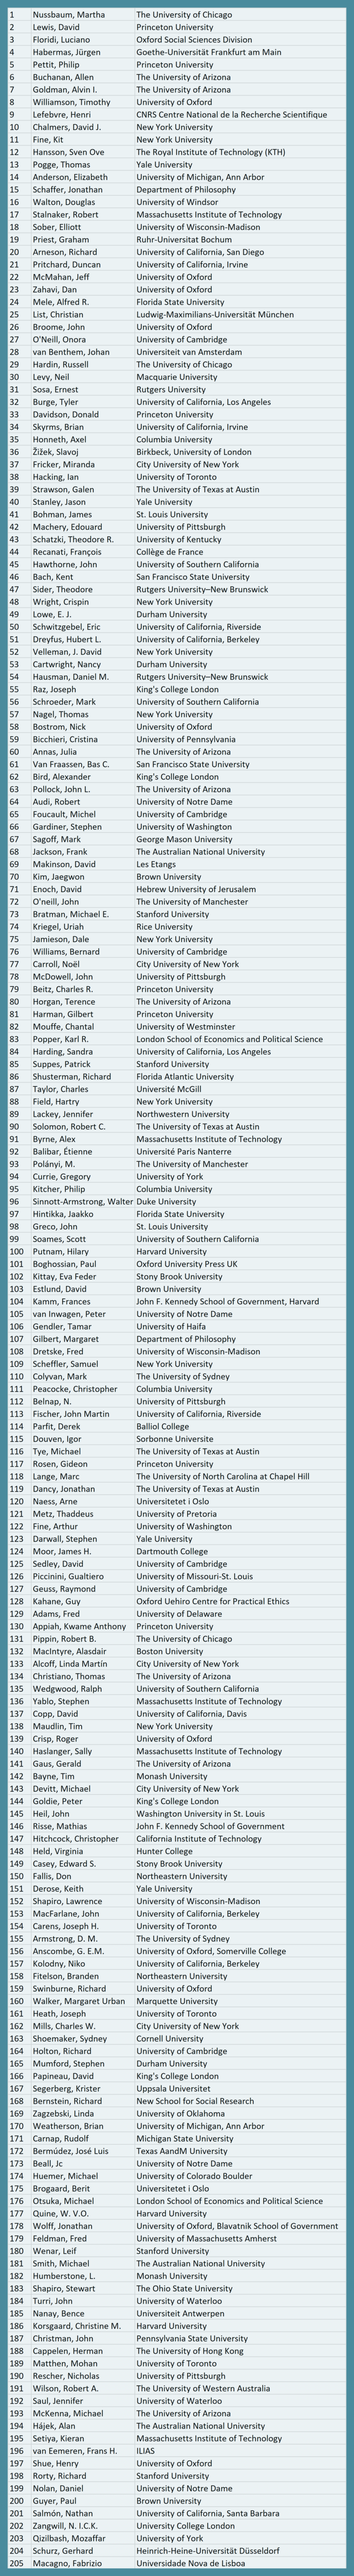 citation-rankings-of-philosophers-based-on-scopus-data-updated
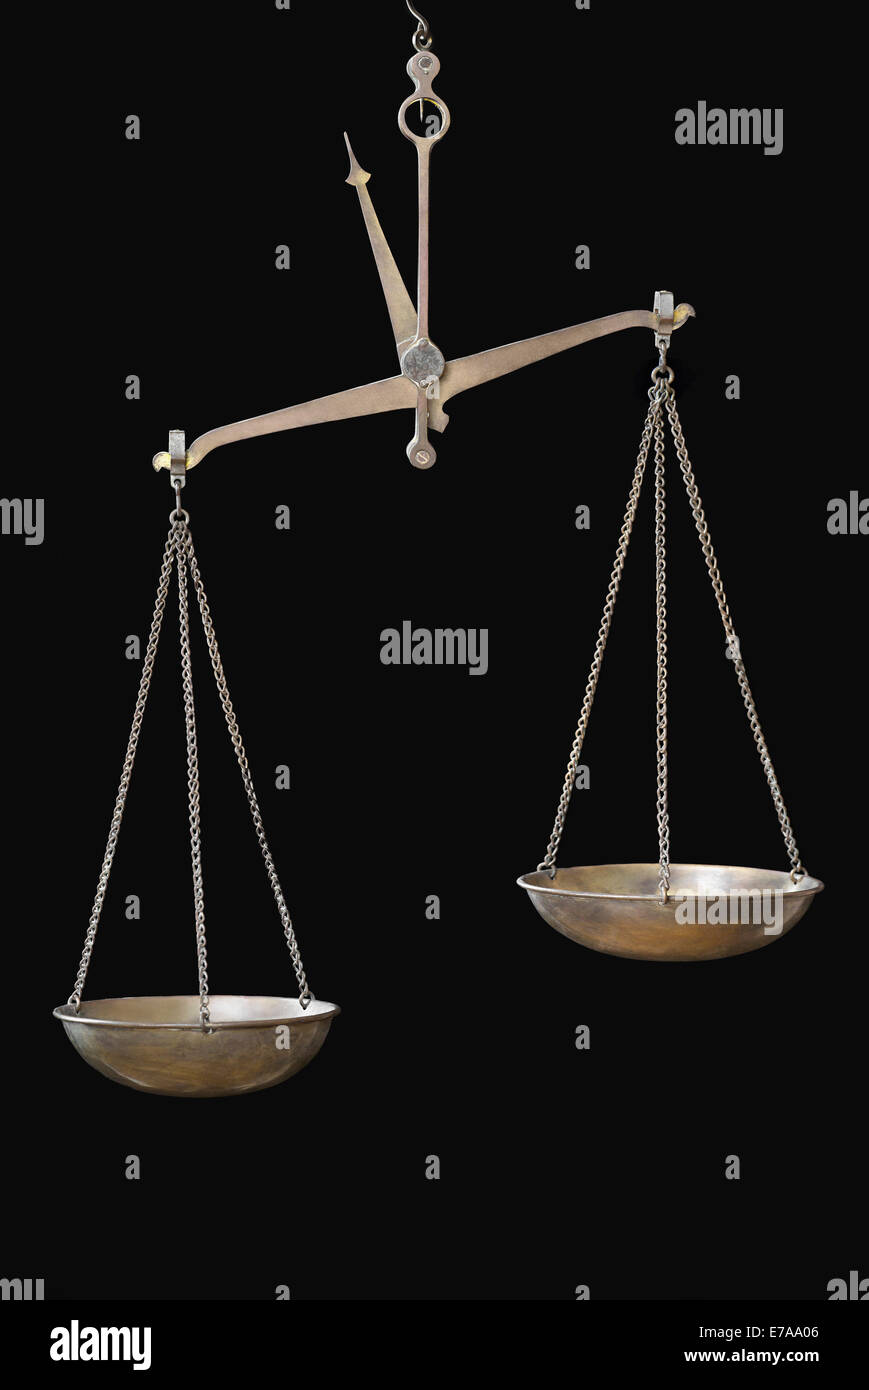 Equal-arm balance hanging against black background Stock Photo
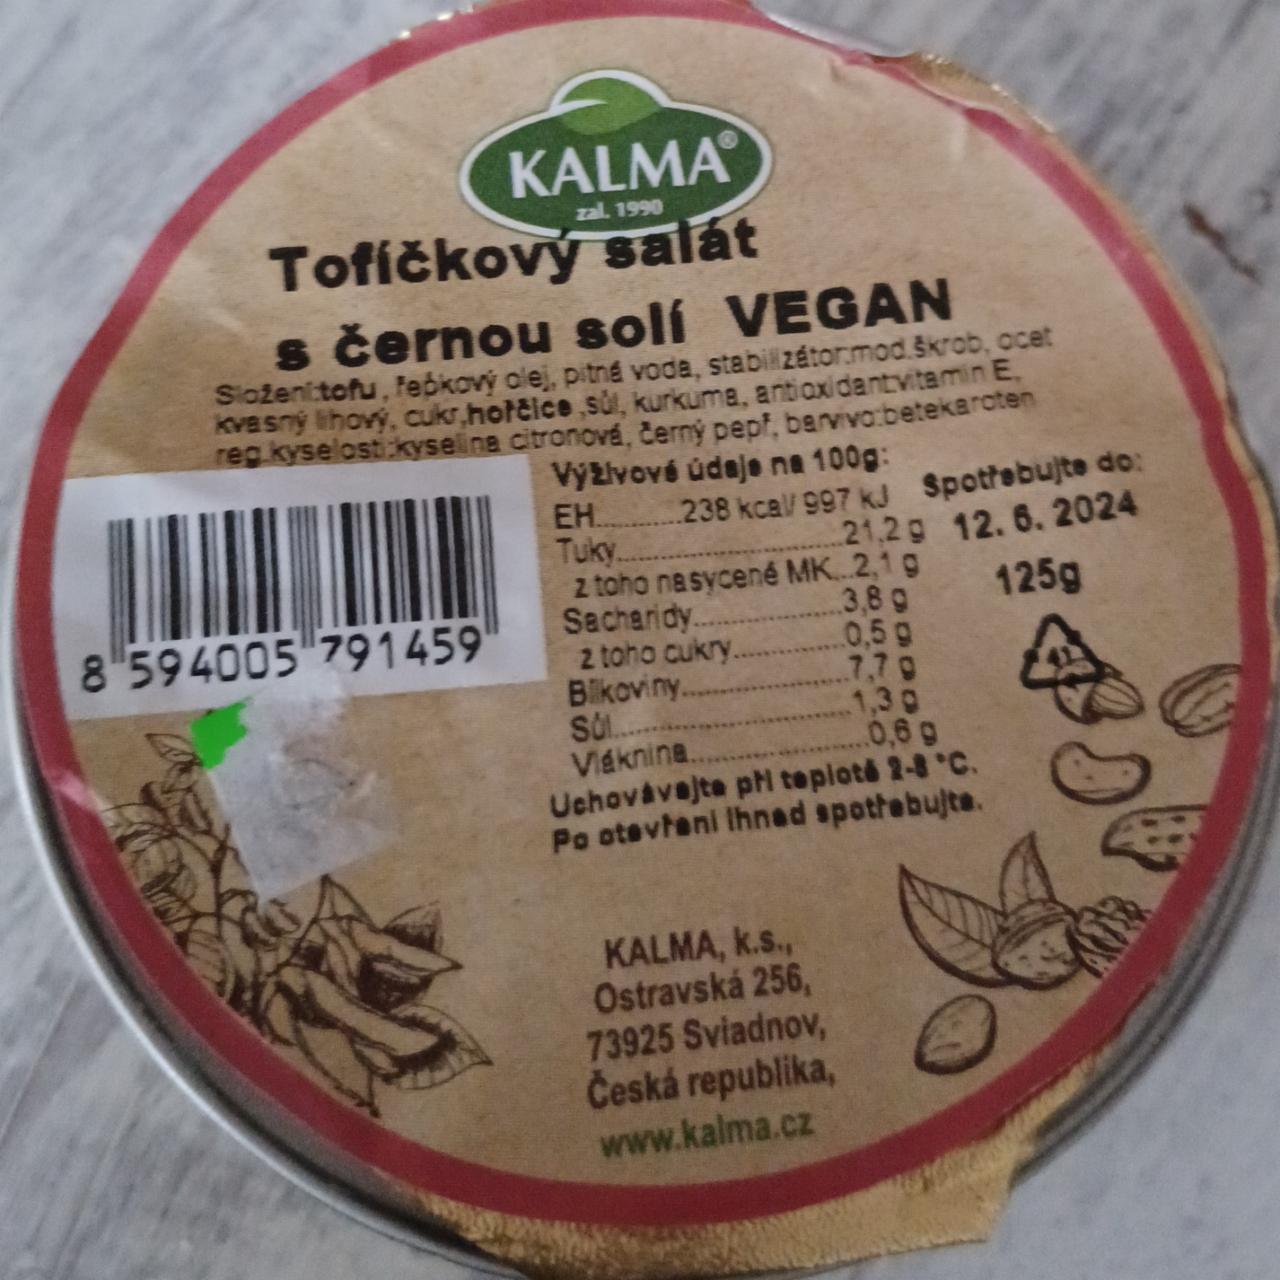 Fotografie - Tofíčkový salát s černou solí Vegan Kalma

**WHAT YOU HAVE TO DO**
Leaving every picture out, write out exactly the lines from the one that holds "Equal-arm balance hanging" through the end of the listing, both included.

**SOLVED PROBLEM**
 Equal-arm balance hanging against black background Stock Photo
 Fotografie - Tofíčkový salát s černou solí Vegan Kalma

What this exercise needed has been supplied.